While I am a generally healthy person and work to maintain my level of health and wellbeing, I have had to occasionally use my health coverage provided to me as a part of my compensation package. I am extremely happy with all the service and medical care I’ve been provided so far.
I really like the 4 weeks of paid vacation I earn per year and I make it a point to use my vacation time throughout the year. Getting CEU’s and license renewals done is a lot more manageable as my employer picks up a significant amount of the cost of those things. I like working as a part of a team with medical assistant, nurses, medical doctors and administrators all focused on providing the best possible healing experience to our patients.
My hospital employer did not prevent me from pursuing business opportunities outside my hospital practice. Unlike medical doctors in this system, we can maintain private practices without placing our positions at risk.

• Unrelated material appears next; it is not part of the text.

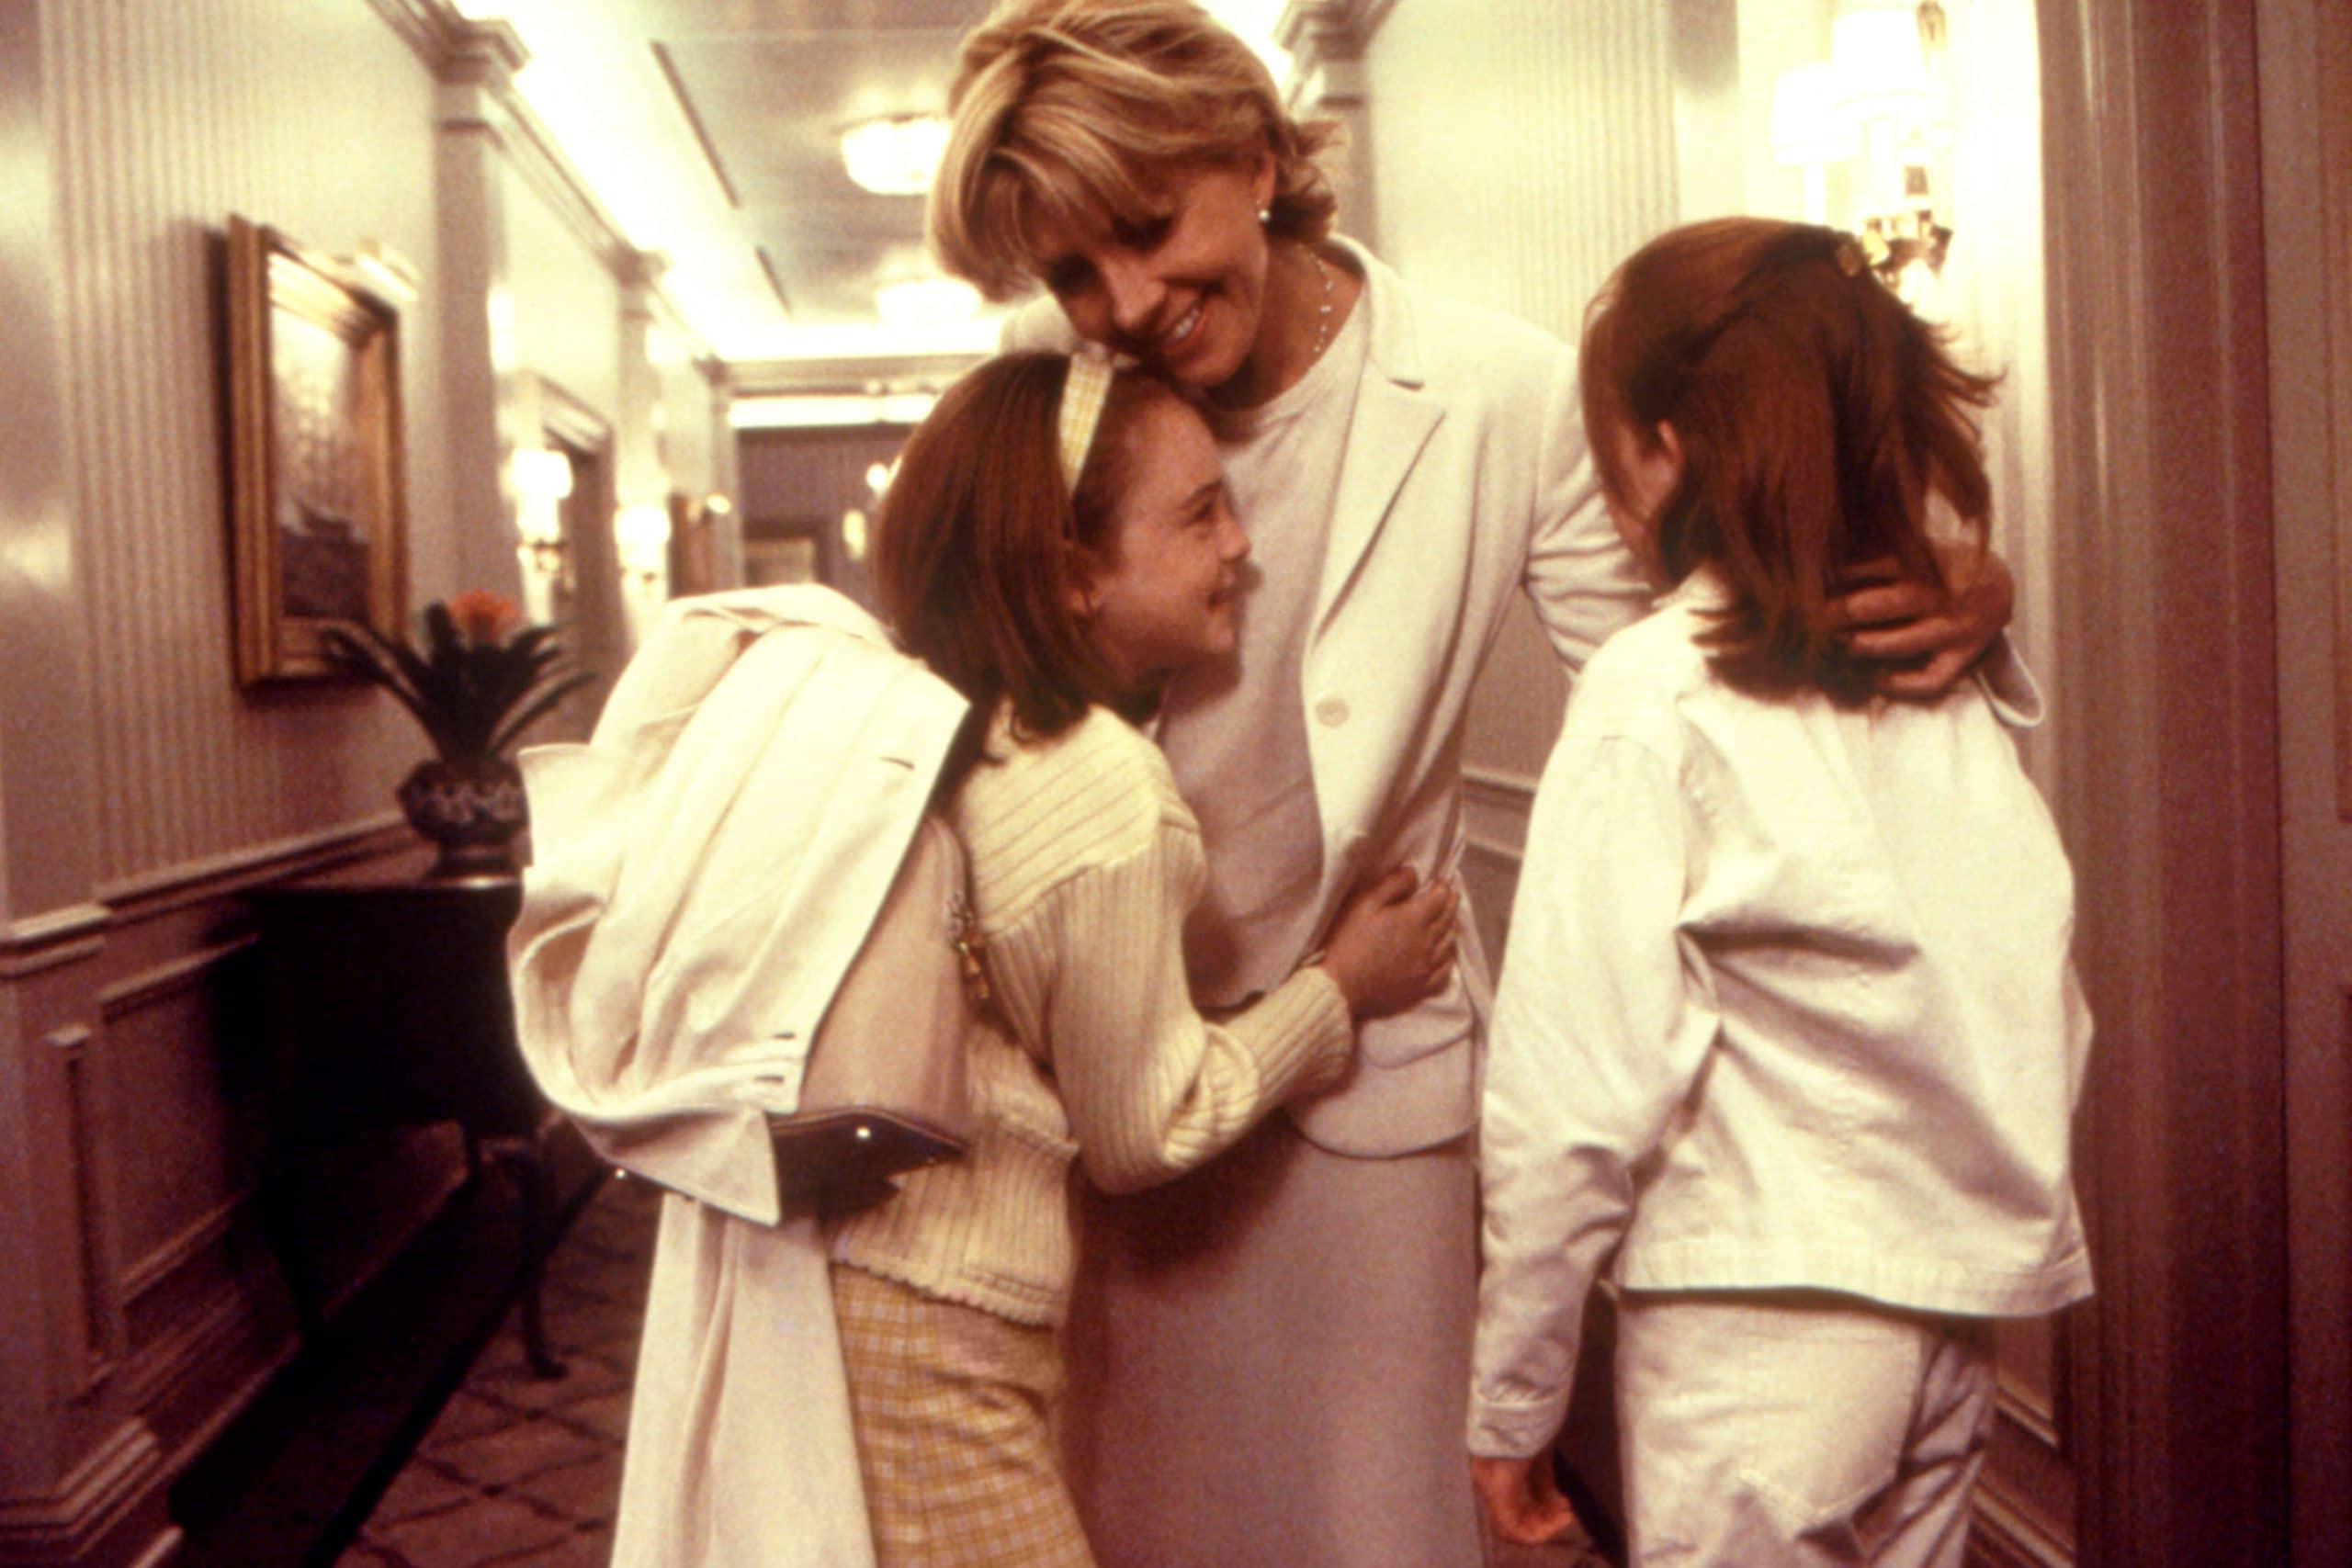 THE PARENT TRAP, Lindsay Lohan, Natasha Richardson, 1998

Perhaps the thing I like the most is that in a very short amount of time I’ve given tens of thousands of acupuncture treatments. Whenever I learned something new in a seminar or CEU, I immediately came to work and applied it. My hospital-based practice had become a great laboratory or sorts where I could test hypotheses on clinical cases in real time. That kind of experience is hard to come by in private practice and I am now a far better acupuncturist for it.
What do you dislike about your acupuncture hospital job?
Having such a tightly-packed schedule means that if one or more patients is late for their appointment, it can throw off the rest of the schedule for that shift. I’ve had to work hard to ensure that the day goes smoothly. There isn’t a lot of flexibility in the patient schedule.
Treating so many patients per week is exhausting and requires proactive personal stress management, health maintenance, and burnout prevention strategies. It would be a mistake to simply brush this off as if saying, “of course I can do this, no problem!” This was how I thought about it before my trial by fire. Please don’t underestimate the importance of this consideration.
Because I was on the same floor as our department of physical therapy, it’s a noisy environment. I have unfortunately had patients complain about the noise level during their treatment.
Because our hospital’s regional model for acupuncture utilization is limited, I didn’t get to see some conditions in my clinic that I suspect could benefit from acupuncture treatment. There are only two indications which meet the inclusion criteria for acupuncture: chronic benign pain of greater than 3 months duration and nausea/vomiting due to chemotherapy.
Additionally, I was not allowed to practice moxibustion, herbal medicine, bloodletting, or retained needles (taken home with the patient). Even though the hospital doesn’t specifically exclude the use of guasha and cupping, there is no practical way to deliver these modalities in this very fast-paced environment.
Lastly, as a sole-practitioner department, I did not get acupuncture for myself nearly as much as I would have wanted and needed it.